Note that the throttle valve shaft 14 is not limited to an electric actuator, and the same applies to those using a fluid actuator such as hydraulic pressure or negative pressure.

〔Effect of the invention〕

According to the present invention, it is possible to suppress the rotational moment from acting on the throttle valve shaft, and as a result, it is possible to eliminate the problem of fluctuations in operating force.

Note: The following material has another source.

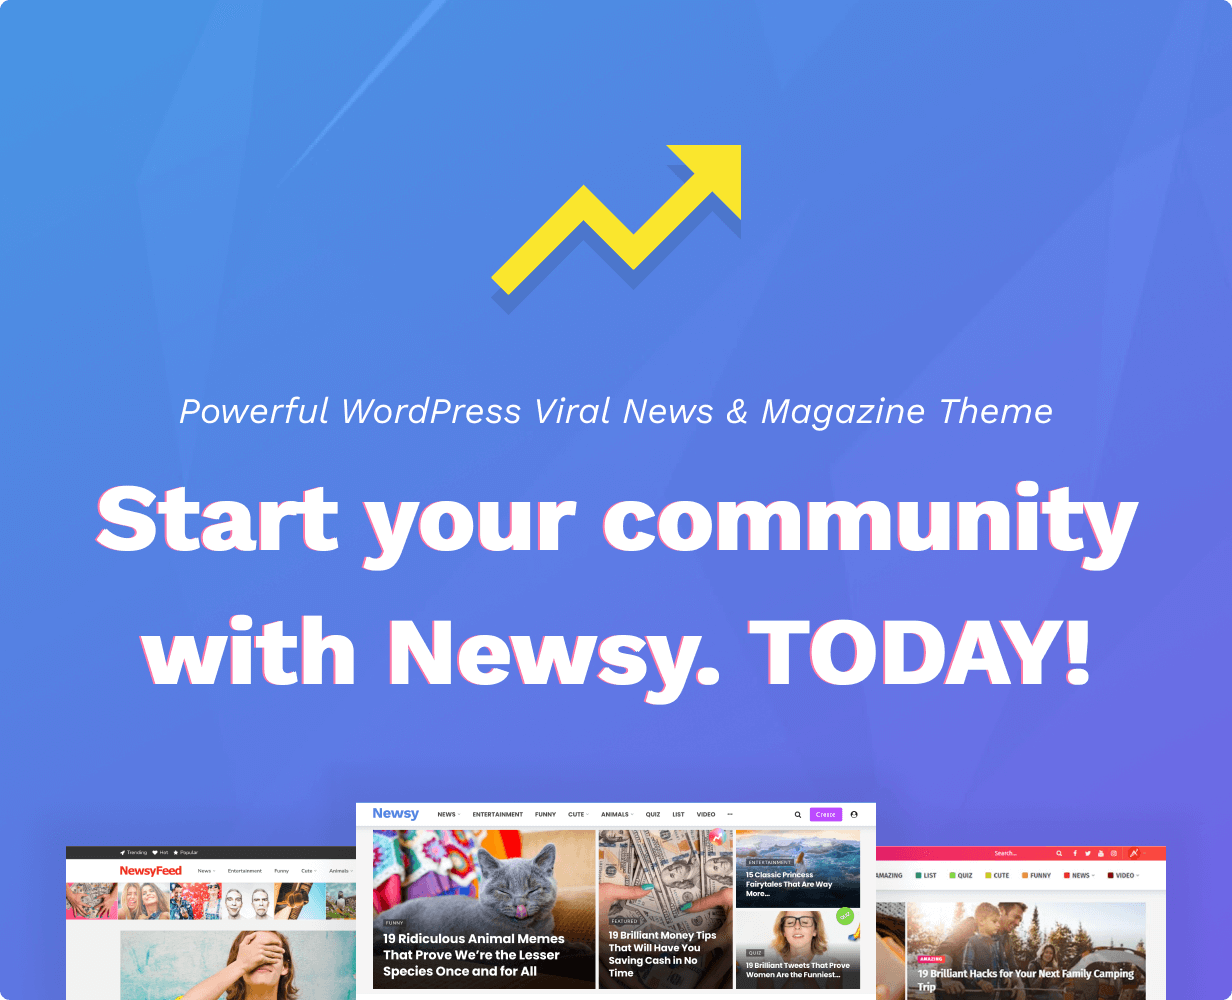 Start your community with Newsy. TODAY!

[Brief explanation of the drawing]

FIG. 1 is a sectional view of a throttle valve assembly according to an embodiment of the present invention;
FIG. 2 is a top view of FIG. 1, and FIG. 3 is a configuration diagram of the automatic fluid amount adjustment device. 10... Main body, 12... Fluid passage, 14... Throttle valve shaft, Fig. 2, Fig. 30

Claims (1)

[Scope of Claims] 1. (a) A fluid passage formed in the main body; (b) A throttle valve shaft extending substantially across the central axis of the fluid passage; (c) A throttle shaft fixed to the throttle valve shaft; a plate-shaped valve plate with an end face facing the inlet side of the fluid passage and the other end face facing the outlet side of the fluid passage; (d) disposed close to the throttle valve axis and dividing the fluid passage; and a partition wall extending toward the inlet side of the fluid passage. 2. The throttle valve assembly according to claim 1, wherein the partition wall is integrally formed with the main body by die casting. 3. The throttle valve assembly according to claim 1, wherein the partition wall is formed separately from the main body and is integrated in an assembly process. 4. The throttle valve assembly according to claim 1, wherein the partition wall is shifted in a direction in which the valve plate approaches the outlet side of the fluid passage, dividing the fluid passage into equal parts. 5. The throttle valve assembly according to claim 1, wherein the throttle valve shaft is driven by an actuator.